И я тоже заткнулся, как пробку в рот вставили.
Гляжу — голову задрал, в небеса всматривается.
Наблюдает, как из-за Волги страшные, черно-синие тучи ползут, наползают.
А я уж, посреди травы скошенной, совсем рядом к нему стою.
Рубаха на нем вся промокла. Спину хоть выжимай. Из белой — мокрой, серой стала. И платочек носовой на башке, с четырьмя потешными завязками с четырех углов, тоже весь вымок.
Рукой взмахнул.
И я залюбовался вдруг им, как баба прямо. Красивый, гляжу, мужик-то! Ух, бабы дохнуть будут в селе… Смерть мухам, какой богатырь… Да справный… Да косит как… Хорошо, хорошо ты, поп, себя показал… Уважать тебя — будут…

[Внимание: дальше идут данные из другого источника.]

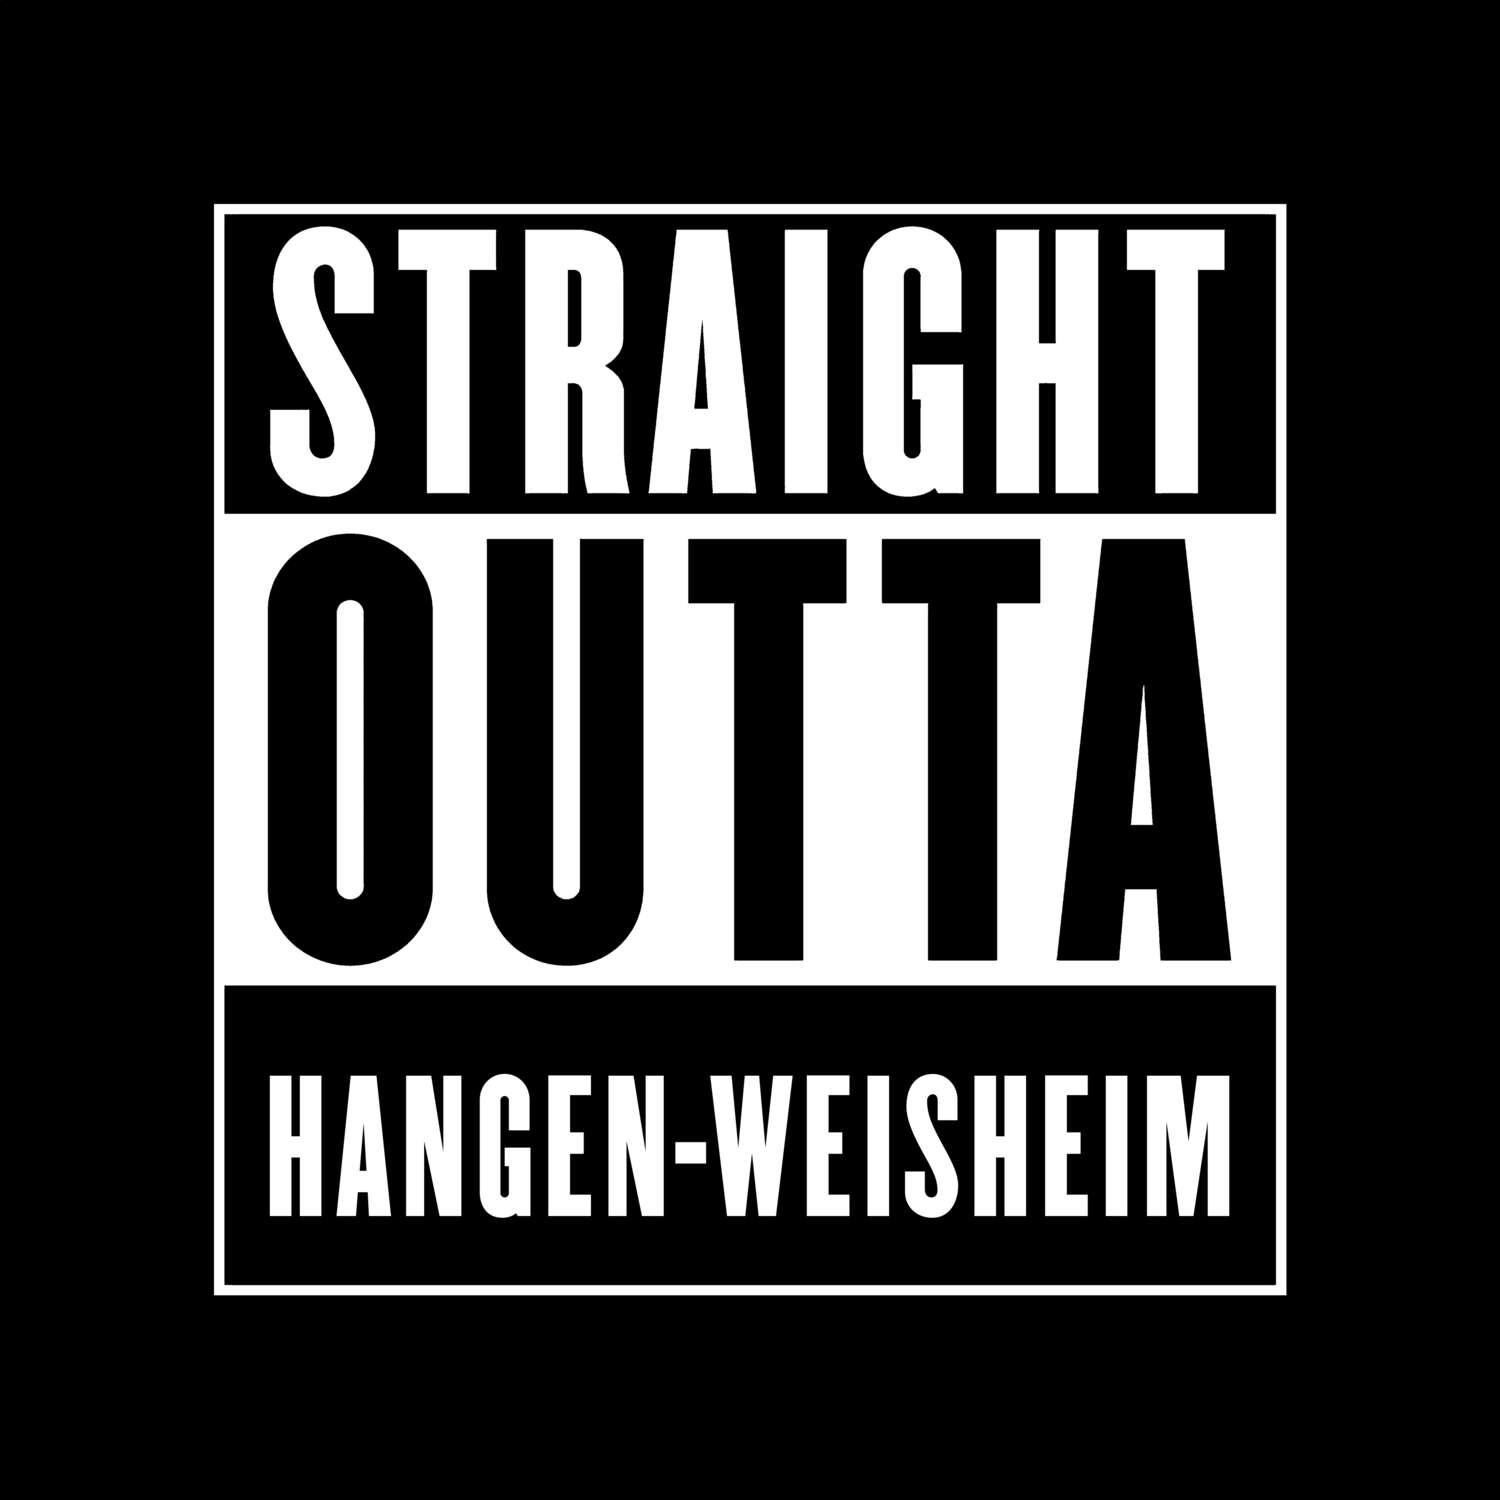 Hangen-Weisheim T-Shirt »Straight Outta«

- Гроза идет, – негромко выдохнул, но я услышал. – Да сильная будет!
Вж-ж-жих-вж-ж-жих — коса за спиной.
Обернулся я: Настька Кашина.
Глядит на попа. А поп на нее не глядит.
Глядит — в небо.
И молния, розовая, ветвистая, страшная, среди синей черноты — как выблеснула!
- Господи, – быстро, мышьей лапкой, перекрестилась однозубая Валя, – Господи, пронеси, Господи…
И на батюшку смотрит.
А он все глядит, глядит в небо, ну что он там увидел?! Глядит, не отрываясь. Мужики, бабы — косы на плечи, бегут в тенек, под деревья на краю луга, в лесок бегут, туда, где сумки с провизией томятся.
- А может, пронесет! – хрипло кричит Пашка Охлопков, одноглазый.